The task of image captioning can be divided into two modules logically – one is an image based model – which extracts the features and nuances out of our image, and the other is a language based model – which translates the features and objects given by our image based model to a natural sentence.
For our image based model (viz encoder) – we usually rely on a Convolutional Neural Network model. And for our language based model (viz decoder) – we rely on a Recurrent Neural Network. The image below summarizes the approach given above.
Here I'm using a pre-trained VGG16 model with weights as my CNN which will act as an input to my RNN(LSTM)
The Dataset which I used for this project is Flickr8k, Flickr30k or MS-COCO which is widey used dataset for image captioning and can also be applied in this case. I'm limited by resources to train my model on huge datasets so I chose Flickr8k. The dataset consist of 8092 images of which 4098 images are used to train the model and rest to test and validate. The prediction is not very accurate but good considering the size of the dataset. Flickr30k or MS-COCO can be used to more accurate captions.
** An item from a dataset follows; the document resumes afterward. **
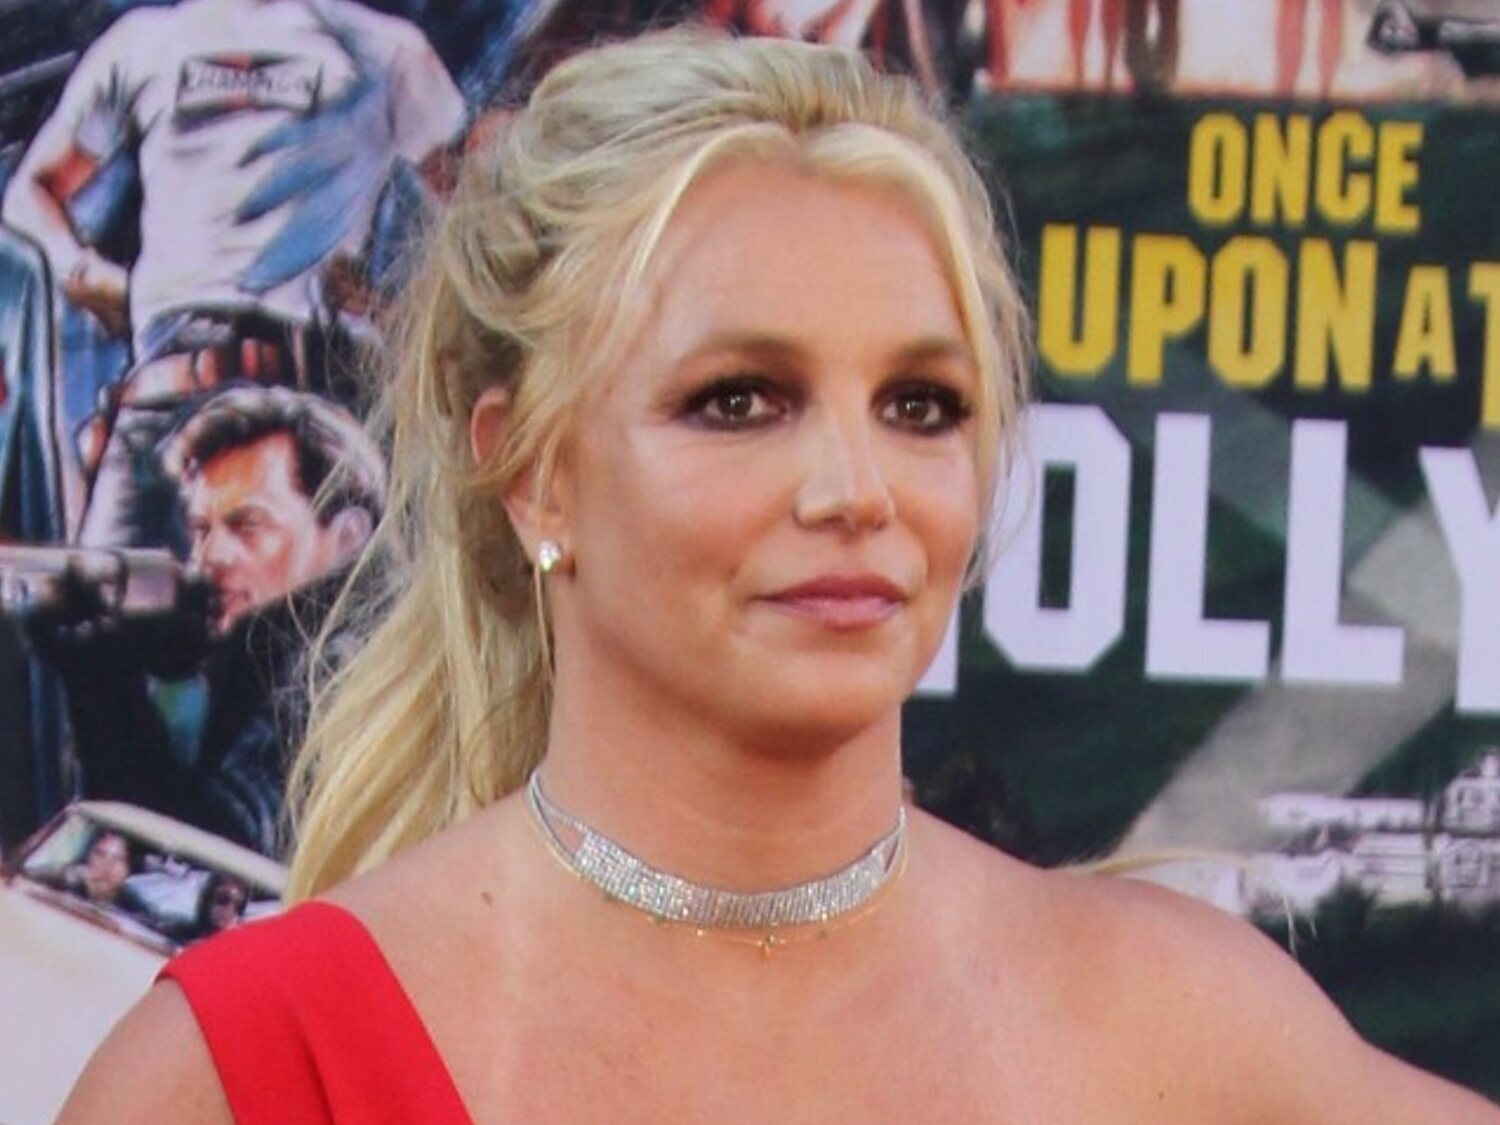 Britney Spears deja los escenarios: "No voy a actuar con mi padre manejando lo que pongo, digo, hago o pienso"

I'm validating the caption predicted by my trained model using Bilingual evaluation understudy (BLEU) BLEU is a well-acknowledged metric to measure the similarly of one hypothesis sentence to multiple reference sentences. Given a single hypothesis sentence and multiple reference sentences, it returns value between 0 and 1. The metric close to 1 means that the two are very similar. BLEU score calculation is implemented in nltk.util and the source code is available. I found this source code is the easiest way to understand this metric. So I will go over the script to understand how the calculation works.
After BLEU is applied to the dataset we can categorize Good and Bad caption based on the score.